Le second, c’est de commenter des vins tellement « vieux » (comprenez, plus de 3 ans) qu’ils ne sont plus disponibles à la vente, et donc, commercialement pertinents.
Mais à choisir, je préfère le second écueil. Pourquoi? Parce que je suis convaincu que si le critique a encore une raison d’être, c’est d’éclairer le consommateur dans ses choix.
Nous pensons trop souvent d’abord au produit et au producteur qui est derrière. Je crois qu’il faut remettre le buveur au centre de nos préoccupations.
N’y voyez aucune forme de démagogie. C’est juste que je n’ai pas l’étoffe d’un propagandiste. Ni celle d’un Nostradamus à la petite semaine… Semaine des Primeurs, bien sûr! Je pense donc qu’il est urgent d’attendre que les vins soient buvables avant de les commenter.

Je regrette de ne pas avoir plus souvent l’occasion de déguster des vins  de 5, 10 ou 15 ans.

Parce que ces vins sont encore dans les caves de bon nombre d’amateurs de vin, et que ceux-ci, quand je les rencontre, au détour d’un salon de vin, d’un forum ou d’une formation, me demandent souvent mon avis sur le « bon moment » pour les boire.

Et j’ai souvent du mal à les renseigner.

Message… in a bottle

Ce métier, c’est un peu comme lire un livre dont les premiers chapitres s’effacent au fur et à mesure qu’on avance dans la lecture. De plus, ma faculté d’oubli me semble parfois supérieure à ma capacité d’apprendre; aussi, j’ai le regret de vous dire que je ne me rappelle plus, à l’heure où je vous parle, du goût exact des Santenay 2006 que j’ai dégustés en 2008. Ni des Saint-Emilion 2005 que j’ai appréciés en 2009. Je peux relire mes notes, bien sûr. Mais cela ne me dit pas grand chose sur ce que valent ces vins aujourd’hui.

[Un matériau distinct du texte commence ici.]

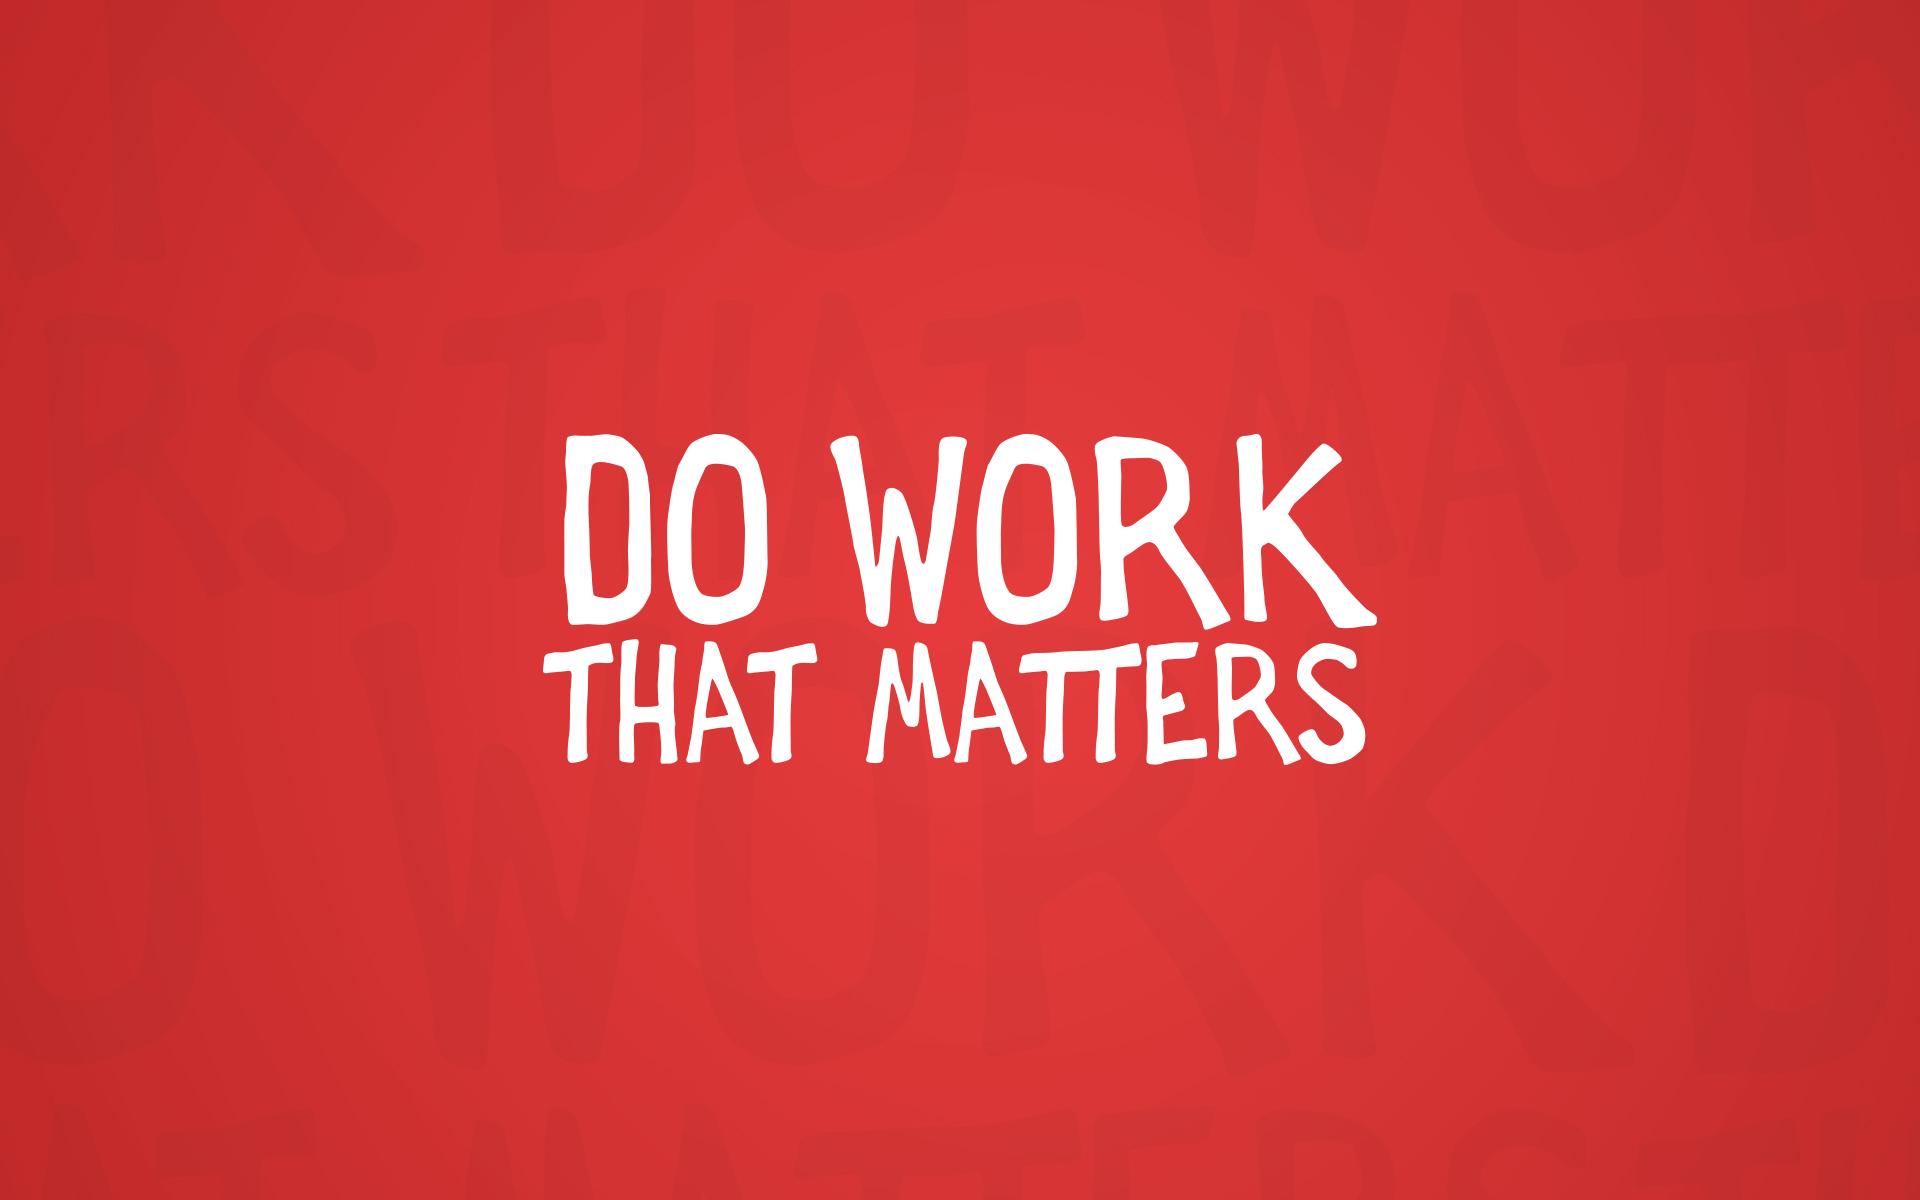 start matters social wallpaper create images dramsey daveramsey 1920x1200

Notre ami Marc Vanhellemont, il y a quelque temps, s’est penché sur l’état de conservation des Châteauneuf-du-Pape de 2004 – et si ma mémoire est bonne, il a été agréablement surpris par la qualité de ce millésime, pourtant décrié dans sa jeunesse, coincé qu’il était entre le monstruoso 2003 et le prometteur 2005. Le temps a passé, permettant de remettre en perpective les mérites comparés de ces millésimes.

J’appelle de mes voeux d’autres expériences du même genre. Je lance donc un message (in a bottle) à tous les comités, interprofessions et producteurs individuels; primo, pour qu’ils pensent à mettre de côté des flacons de chaque millésime; secundo, pour qu’ils les conservent dans de bonnes conditions); et tertio, pour qu’ils les incluent de temps à autre dans des dégustations, au côté de leurs derniers « poulains ». Nous pourrons ainsi mieux aider l’oenophile dans son choix cornélien:  « Dis moi, bouteille, qui est la plus belle aujourd’hui? T’ouvrirai-je, ne t’ouvrirai-je pas? »

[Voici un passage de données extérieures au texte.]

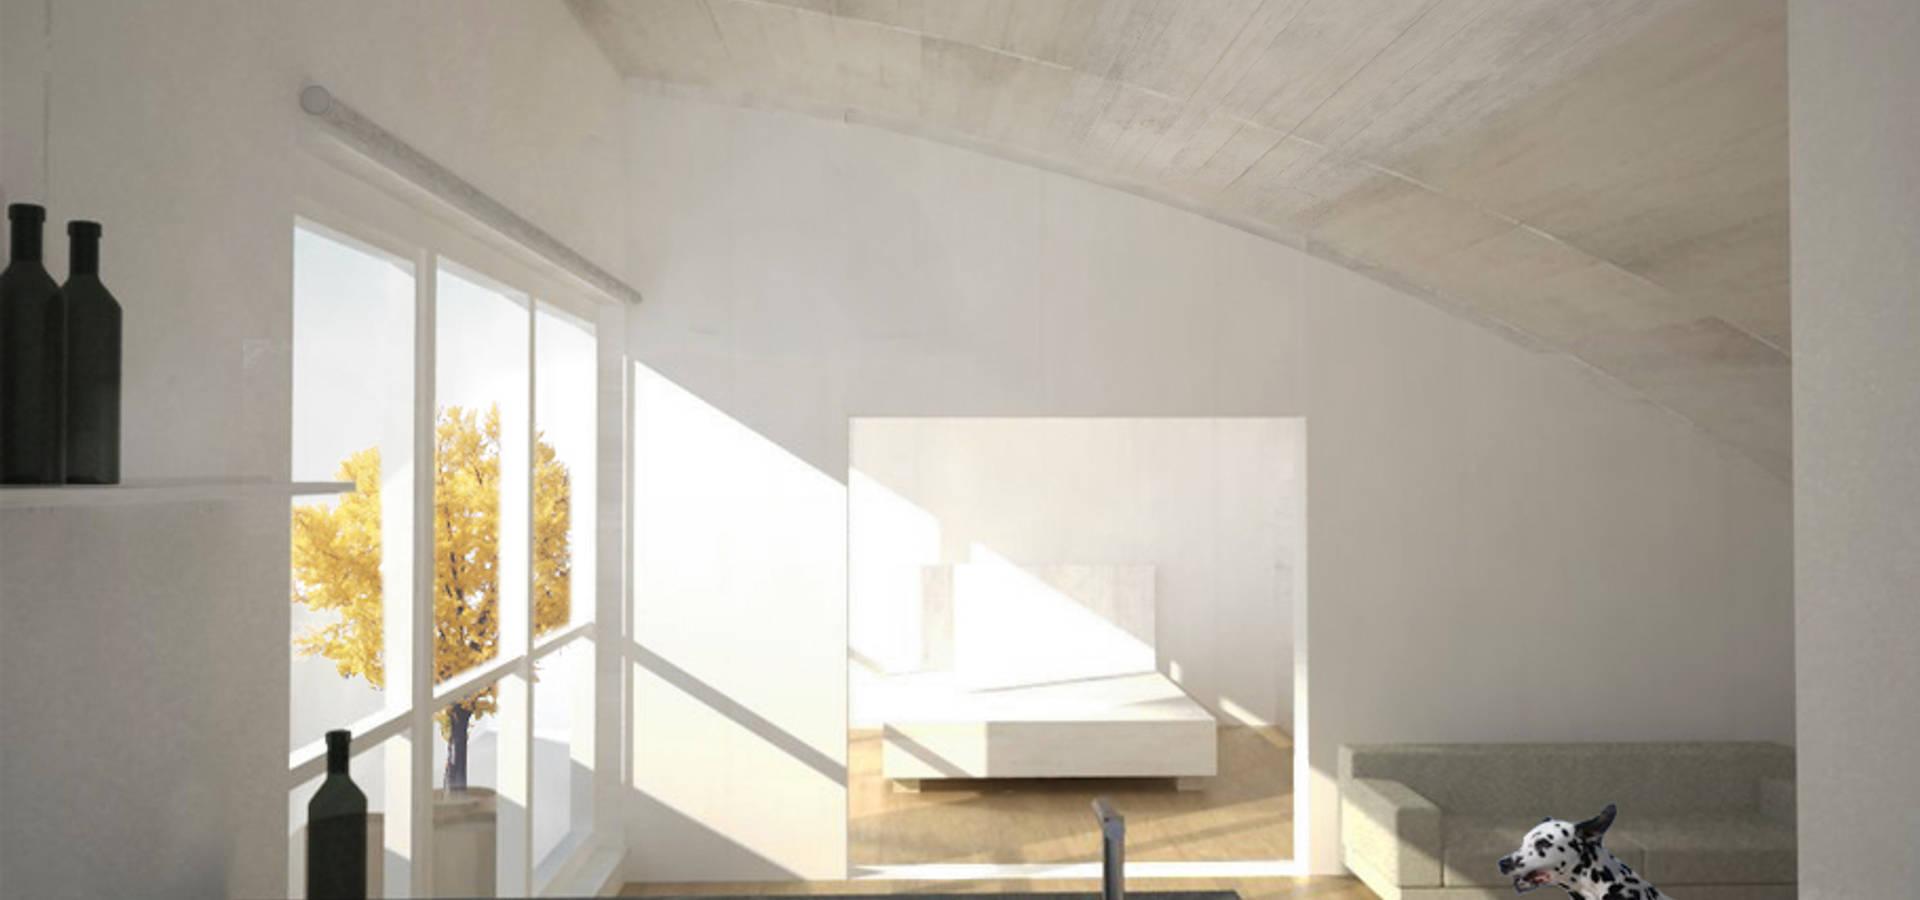 kiosk di brut deluxe architecture design homify. Black Bedroom Furniture Sets. Home Design Ideas

Je suis d’autant plus persuadé que c’est la chose à faire que les progrès accomplis dans l’oenologie (notamment la maîtrise des température au chai et en cave) ont grandement amélioré la conservation des vins. Plusieurs dégustations réalisées à l’occasion d’anniversaires d’appellations (à Vacqueyras et en Languedoc, notamment, ces dernières années), ont mis en évidence un saut qualitatif; le début des années 2000 constitue une sorte de charnière, à ce titre.

Les vins plus anciens sont rarement délectables, même dans les appellations de prestige (il y en a, mais il sont minoritaires); dans les vins plus récents, par contre, le pourcentage de bonne conservation, et même, de bonification des vins, est beaucoup plus élevé. Et ce, même dans les appellations moins cotées. En clair: j’échangerai volontiers un Mouton-Rothschild 1985 (que je n’ai pas) contre un Clos Centeilles 2001.

Le début de la décennie 2010 est sans doute une autre charnière; c’est en effet à partir de ce moment, il me semble, que les symptômes de la grave maladie de l’extraction, dont j’ai pu encore constater les ravages dans des vins pourtant très chicos du Nouveau ou de l’Ancien Monde, lors du dernier Austrian Wine Summit, semble s’être atténués.

Et tout ceci est valable dans les blancs également, comme j’ai pu l’apprécier avec le Grüner Veltliner Smaragd Kellerberg 2000 du Domäne Wachau, opulent, miéllé, mais encore très dynamique, même si son acidité, certainement assez forte dans sa jeunesse, s’est remarquablement fondue au fil de cette quinzaine d’années.

J’espère que mon appel sera entendu. Et si c’est le cas, amis oenophiles, je me réjouis à l’avance de pouvoir mieux vous assister dans l’exploration des millésimes que vous conservez amoureusement dans votre cave, ou dans votre armoire à vins.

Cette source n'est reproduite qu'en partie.